For example, depending on a speed of the first fans 112 and second fans 114 (e.g., 0-100% speed range), warm air from the second fan 114 may be permitted to travel into the battery enclosure system 100 to warm the battery cells 116, or cool air may be configured to be drawn over the battery cells 116.

In some embodiments, the fans may be operated in reverse (i.e., away from the first direction) to support any suitable air flow path.

In some embodiments, the baffles 120 (e.g., air baffles) themselves may be configured to be adjustable to modify the quantity of warm or cool air which reaches the battery cells 116 in different fan operation speeds. For example, the baffles 120 may be adjusted during the product design stage to have any permanent shape for a variety of operational schemes. By way of another example, the baffles 120 may be configured to be adjustable in real-time via an actuator 144 (e.g., where the baffle includes adjustable slatted blades of a louver design) to dynamically change the baffle shape/angle 126 during operation via the controller 102. For instance, there may be a hinge coupled between the first section 122 and the second section 124. By way of another instance, the louvers of the baffle 120 wall may be configured to selectively restrict an amount of airflow. The actuator 144 may be coupled to the controller 102.
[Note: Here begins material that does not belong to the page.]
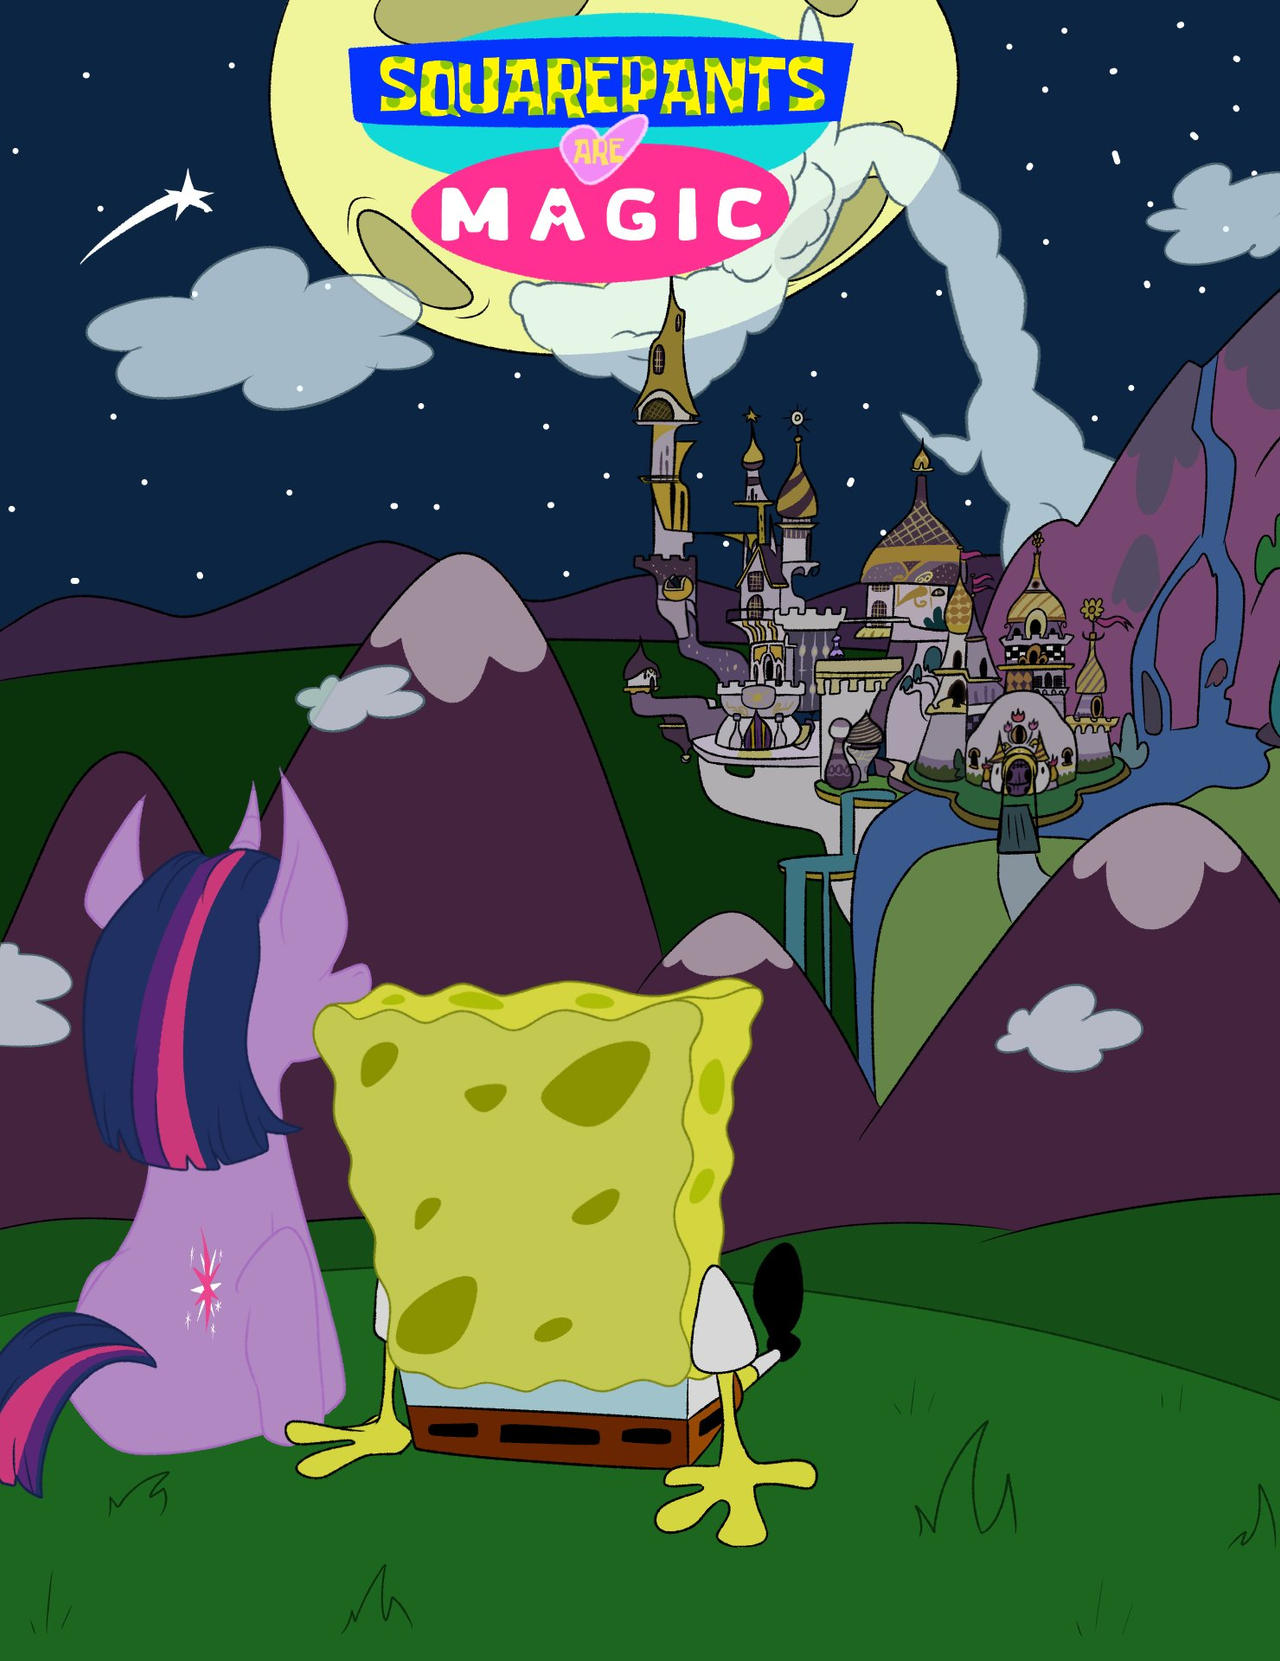 SquarePants Are Magic - Cinematic Poster by yodajax10 on DeviantArt

In some embodiments, additional holes 134 may be included in the side walls 136, 138 of the enclosure to change the pattern of air movement to achieve the objective of keeping the batteries 116 at a consistent temperature.
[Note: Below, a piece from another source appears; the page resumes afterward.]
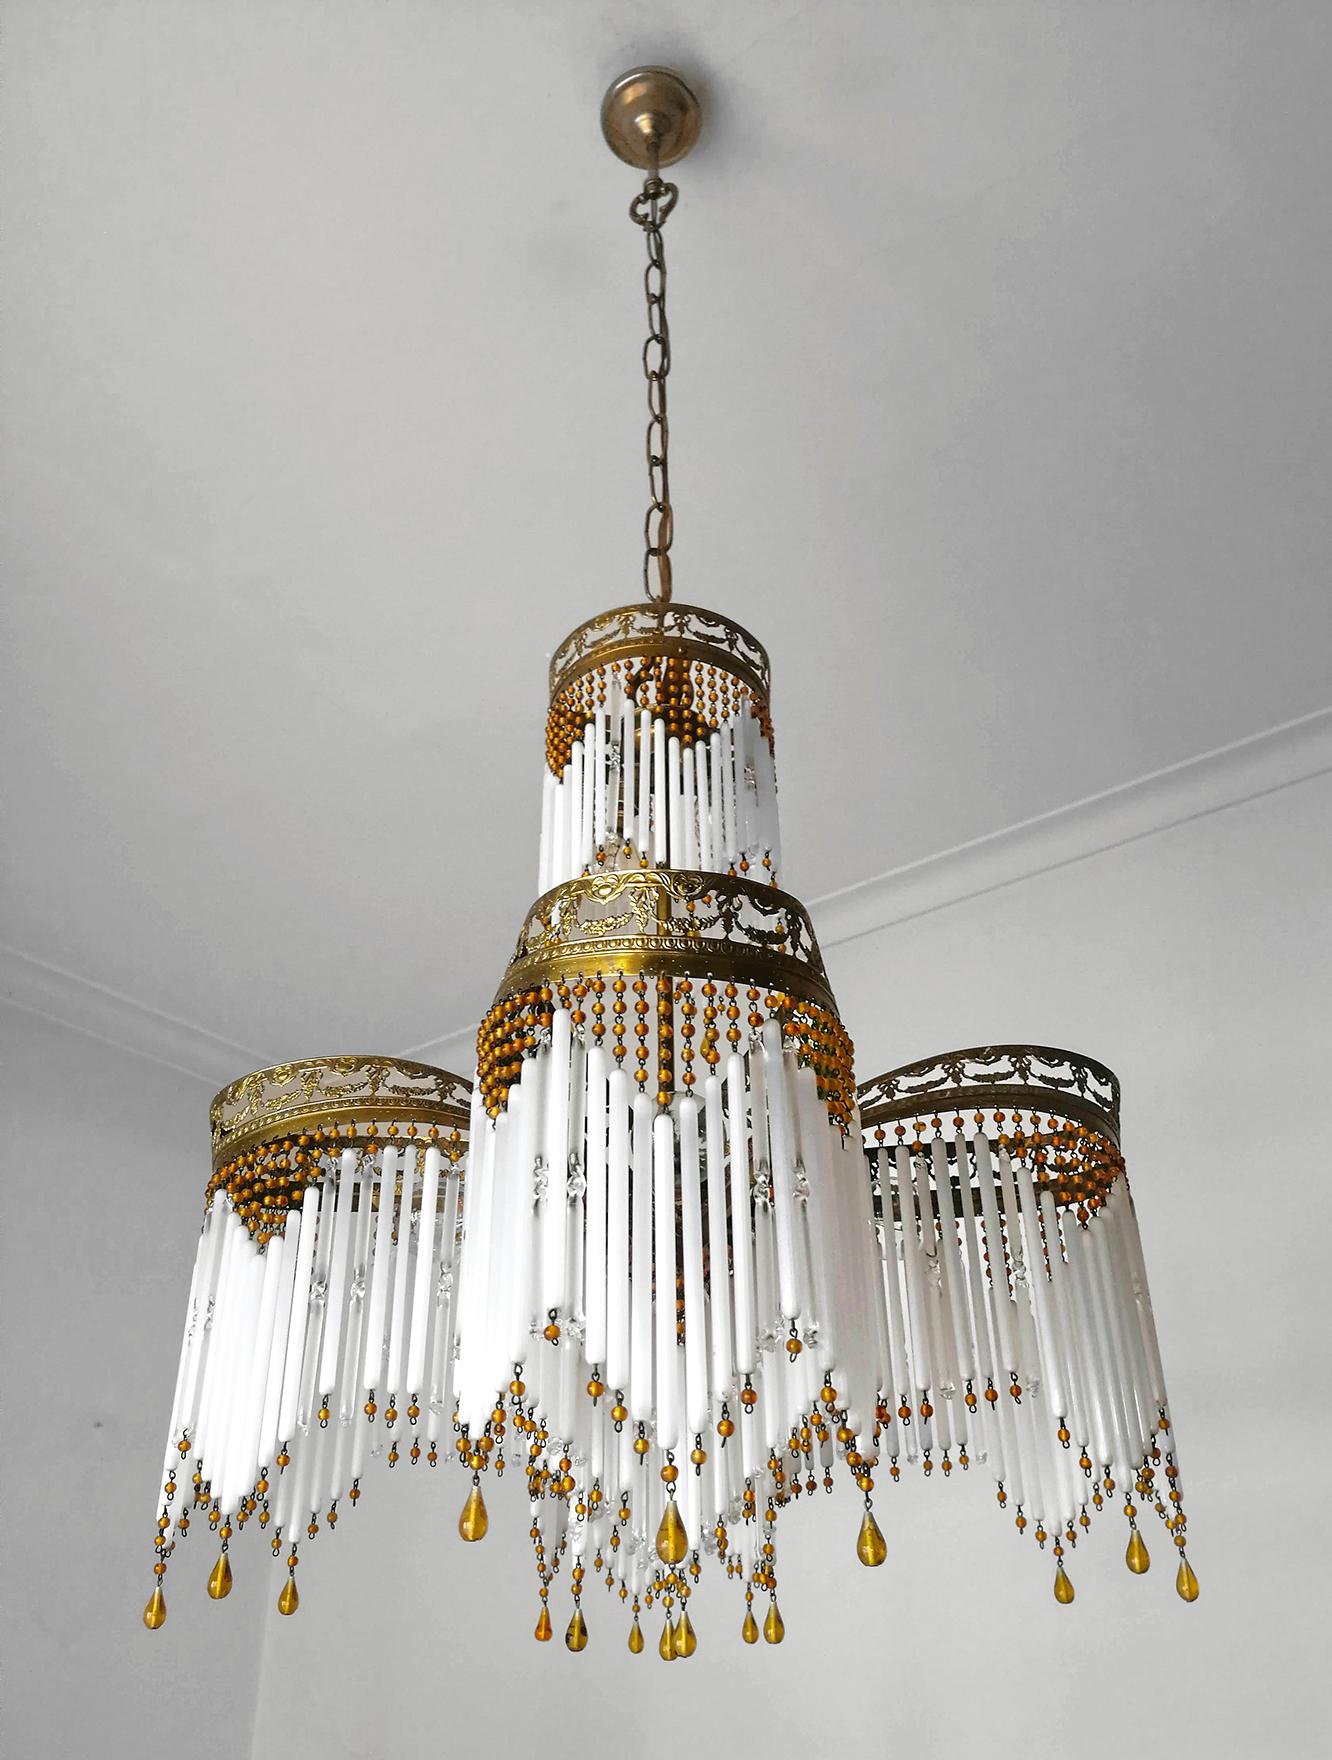 French Art Deco Art Nouveau Amber Beaded Crystal Fringe & Gilt Ornate Chandelier In Good Condition For Sale In Coimbra, PT

The baffle angle 126 may be more than 10 degrees (e.g., non-parallel) from the first direction and more than 90 degrees as measured as an arc from the first section 122. In other words, the baffle angle may be between 90 and 170 degrees when measured as shown in FIG. 1 relative to an outward-facing surface of the first section 122 that faces away from the corridor 140.
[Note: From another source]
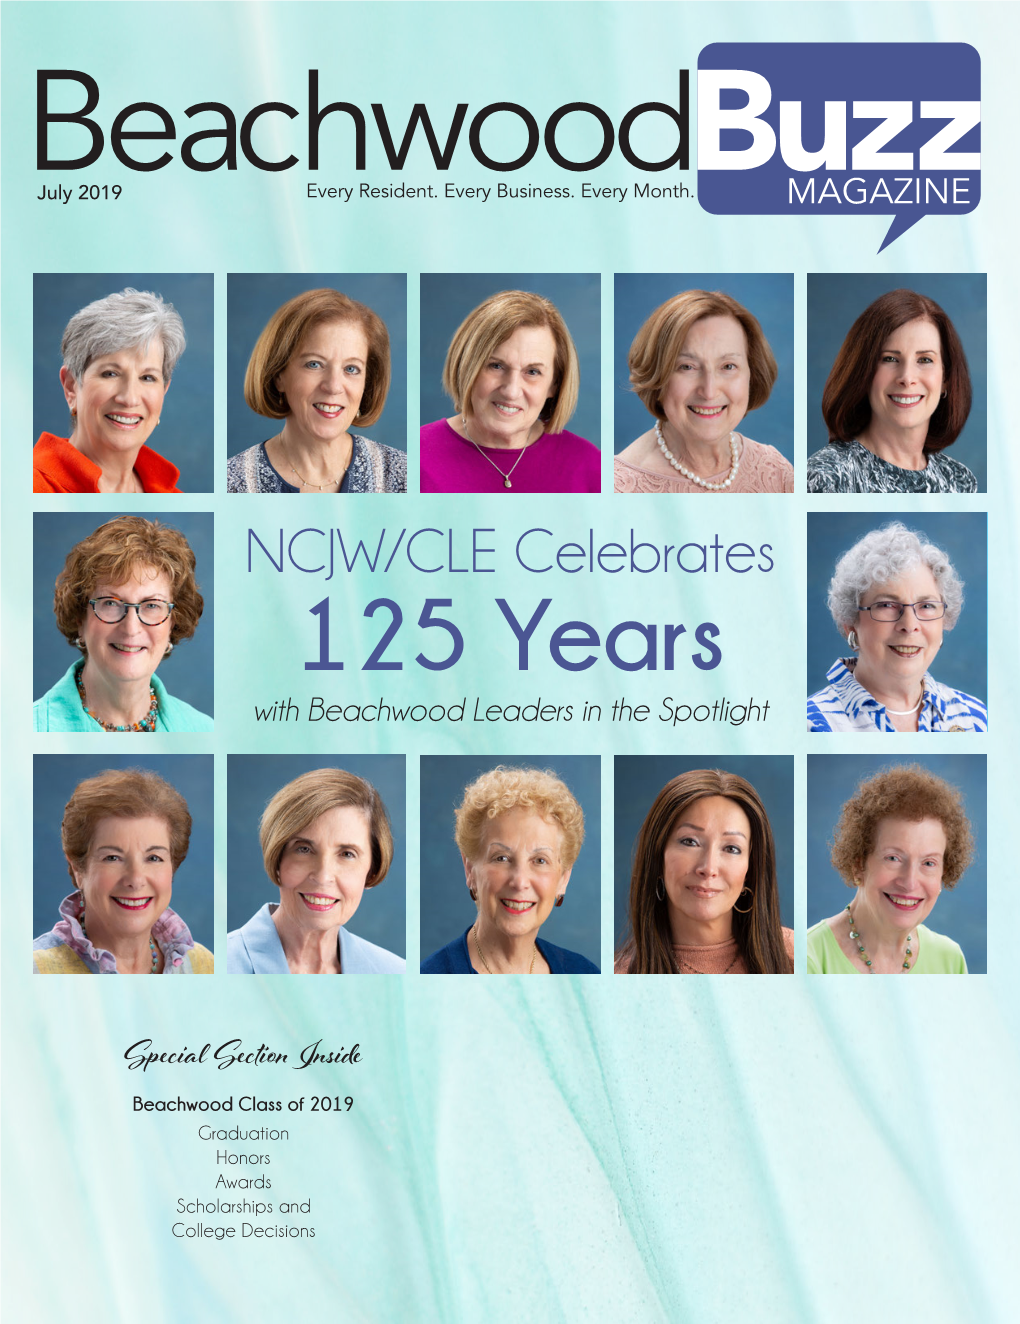 NCJW/CLE Celebrates 125 Years with Beachwood Leaders in the Spotlight

The one or more baffles 120 may include two opposing baffles (e.g., distinct baffles) with respective baffle angles 126 angled away from a center of the housing 110.

The second fans 114 may be positioned in front of the second section 124 of the one or more baffles 120 along the first direction. The first fans 112 may be placed along a central air path between the two baffles 120 of the one or more baffles 120.

In at least some embodiments, during charging and discharging when the converter 142 may be in use, the first and second fans 112, 114 are configured to cool the corridor 140. For example, specifically, the first and second fans 112, 114 may be configured to cool the converter 142 along the center air flow path.

The housing 110 may include holes 134 on a third side wall 136 and a fourth side wall 138 of the housing 110 orthogonal to the first side wall 130 and the second side wall 132. The holes 134 may change a pattern of air flow movement to keep the batteries at a consistent temperature.

Benefits of the present disclosure, for at least some embodiments, are that battery cells 116 don't necessarily experience (or need) significant cool airflow as part of the design.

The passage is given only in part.